- Born: August 11, 2003 (age 23) Huntersville, North Carolina, U.S.
- Education: University of North Carolina at Chapel Hill
- Spouse: Drake Maye (m. 2025)

= Ann Michael Maye =

American baker and social media influencer (born 2003)

Ann Michael Maye (née Hudson) is an American baker and social media content creator, and wife of New England Patriots quarterback Drake Maye.

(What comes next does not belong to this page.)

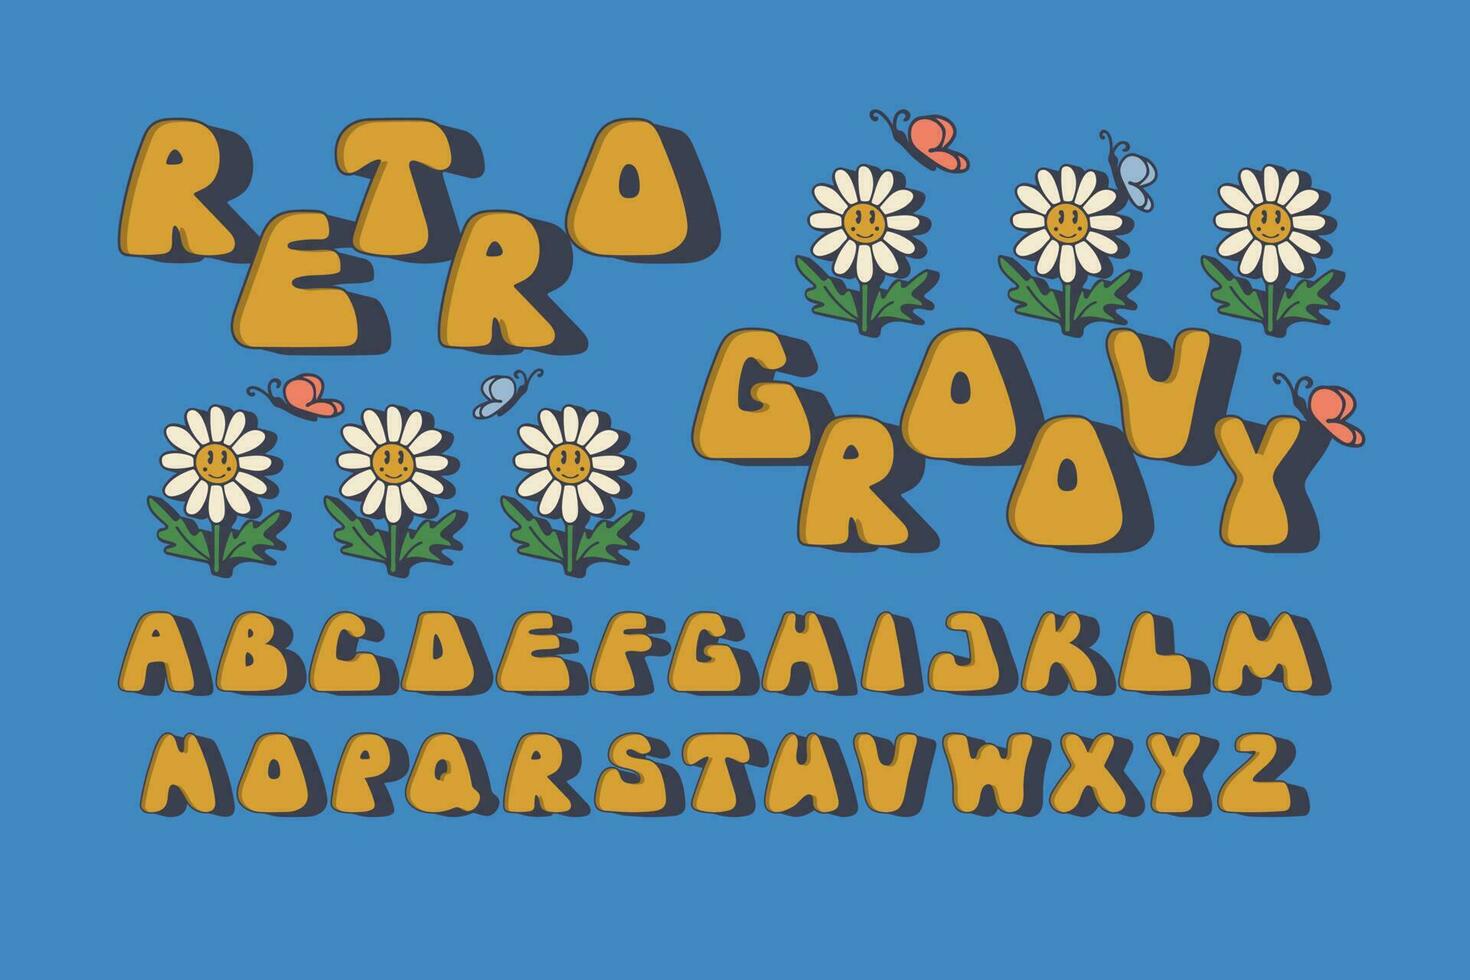 vetor retro groovy 3d alfabeto. estilizado isolado cartas com 3d plano efeito com margaridas e borboletas. perfeito para nostalgia letras projeto, tipográfico ilustração

== Early life and education ==
Maye was born and raised in Huntersville, North Carolina. She attended William A. Hough High School in Cornelius, North Carolina where she played softball and field hockey and served as the president of the school's Fellowship of Christian Athletes chapter. In 2025, Maye graduated from the University of North Carolina at Chapel Hill with a degree in business administration.

== Career ==
In the summer of 2024, Maye interned at Deloitte Consulting's Government and Public Services Practice in the Summer Scholar program. Although she received a return offer, she chose not to return to the company full-time.

In December 2025, Maye launched her "Bakemas" series on TikTok, baking a new item for each day of December. The series quickly went viral and became known for its popularity among New England Patriots players and fans. Following the conclusion of her TikTok series, Maye launched a television show with NBC10 Boston called "Beyond Bakemas". The show features Maye baking with prominent New England sports figures including Dave Portnoy and David Andrews.

In January 2026, Maye partnered with JetBlue, providing cookies for the airline's flights from Boston to Denver in advance of the 2026 AFC Championship between the Patriots and Denver Broncos. Maye and JetBlue partnered again in advance of the Patriots' Super Bowl matchup with the Seattle Seahawks, with Maye providing cookies on select flights from Boston to San Francisco, the host city of the Super Bowl LX.

== Personal life ==
Maye married Patriots quarterback Drake Maye on June 22, 2025. The pair began dating in middle school. Her younger brother, Tad Hudson, was Maye's backup on the Tar Heels in 2023 before he transferred to Coastal Carolina University.